To the Editor:

A recent study by Tolias et al.1 demonstrated convincingly that neurons in visual area V4 can acquire direction selectivity after adaptation to coherent motion. This is a valuable result because it bears on the role of V4 in motion processing and may also reconcile an apparent discrepancy between neurophysiology and functional imaging of V4 (ref. 2). Moreover, it underscores how dynamic aspects of all types of selectivity can be missed without specific tests. However, the premise of the study, that V4 neurons “are generally not selective for direction of motion”, is not entirely accurate. At least three reports have assessed direction selectivity in V4 quantitatively3,4,5 and have found that roughly one-third of V4 neurons are direction selective (preferred:null response ratio ≥ 2.0 or d-prime ≥ 1.0). A direct comparison5 between V4, MT and area 7a in the same animals and using coherent random dot stimuli showed that MT neurons had a mean preferred:null ratio of 6.4, compared with 1.8 for V4 and 1.7 for area 7a.
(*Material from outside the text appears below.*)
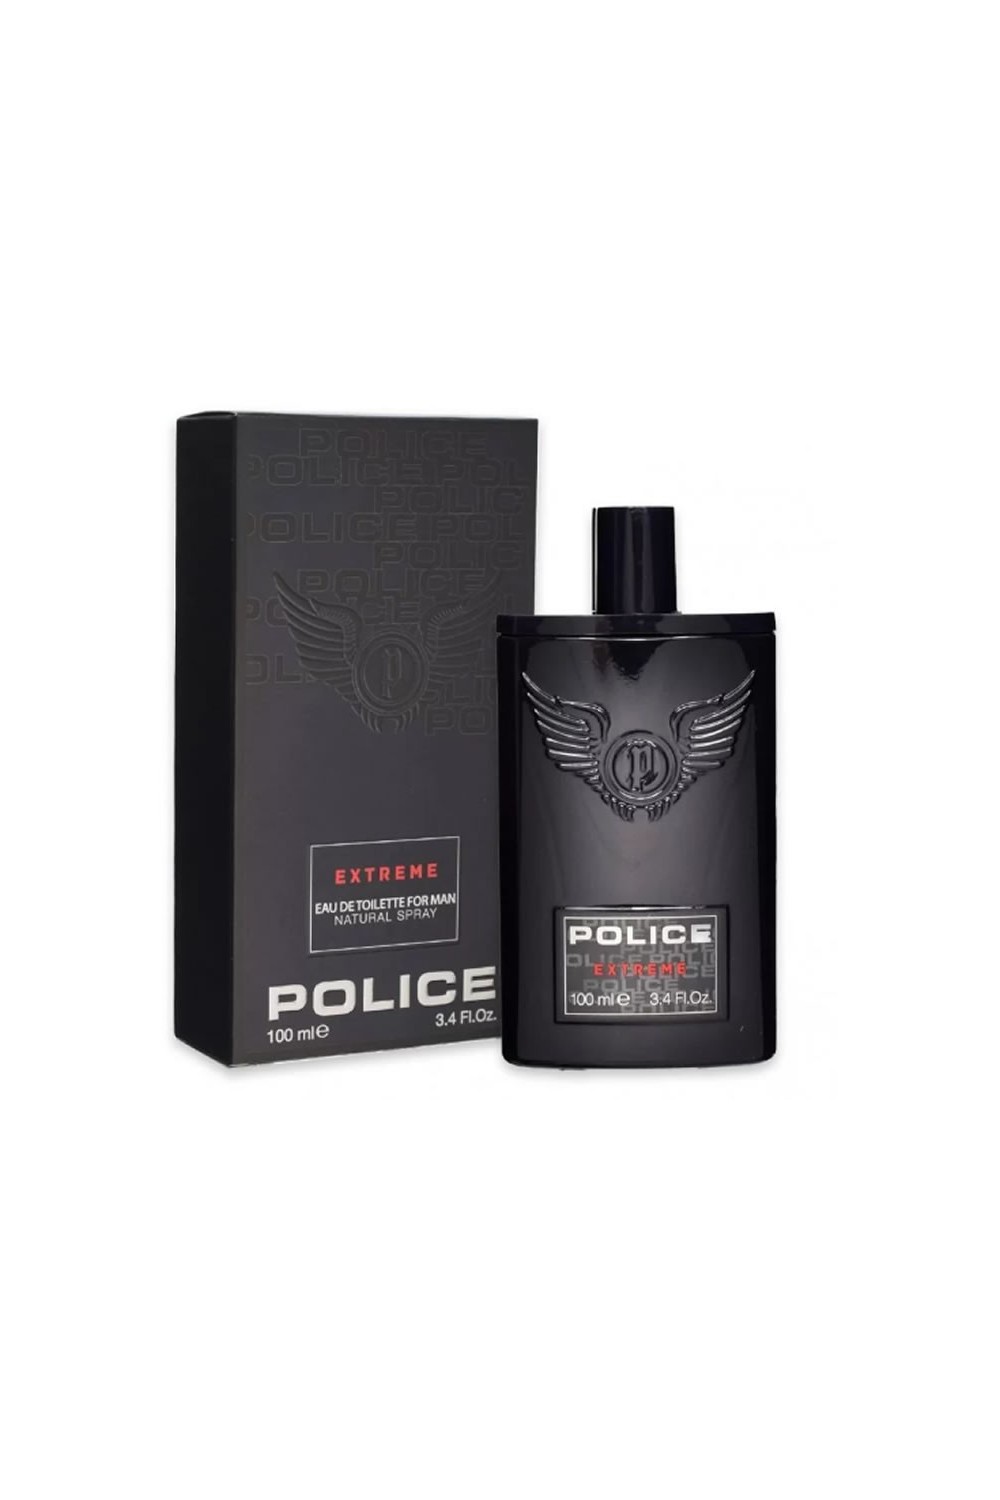 Police Extreme Eau De Toilette Spray 100ml

Thus, although direction selectivity in V4 is not nearly as pronounced as in MT, it is comparable to other areas in the dorsal pathway. One must also consider that in the macaque, V4 is many times larger than MT6 and may therefore contain a comparable number of highly direction-selective neurons even if the density of such neurons is much lower. Although the existence of conventional direction selectivity in V4 does not alter the authors' conclusions about the role of adaptation in stimulus selectivity, we feel that V4 should not be overlooked as a potentially reliable source of conventional motion signals outside of areas traditionally associated with motion processing.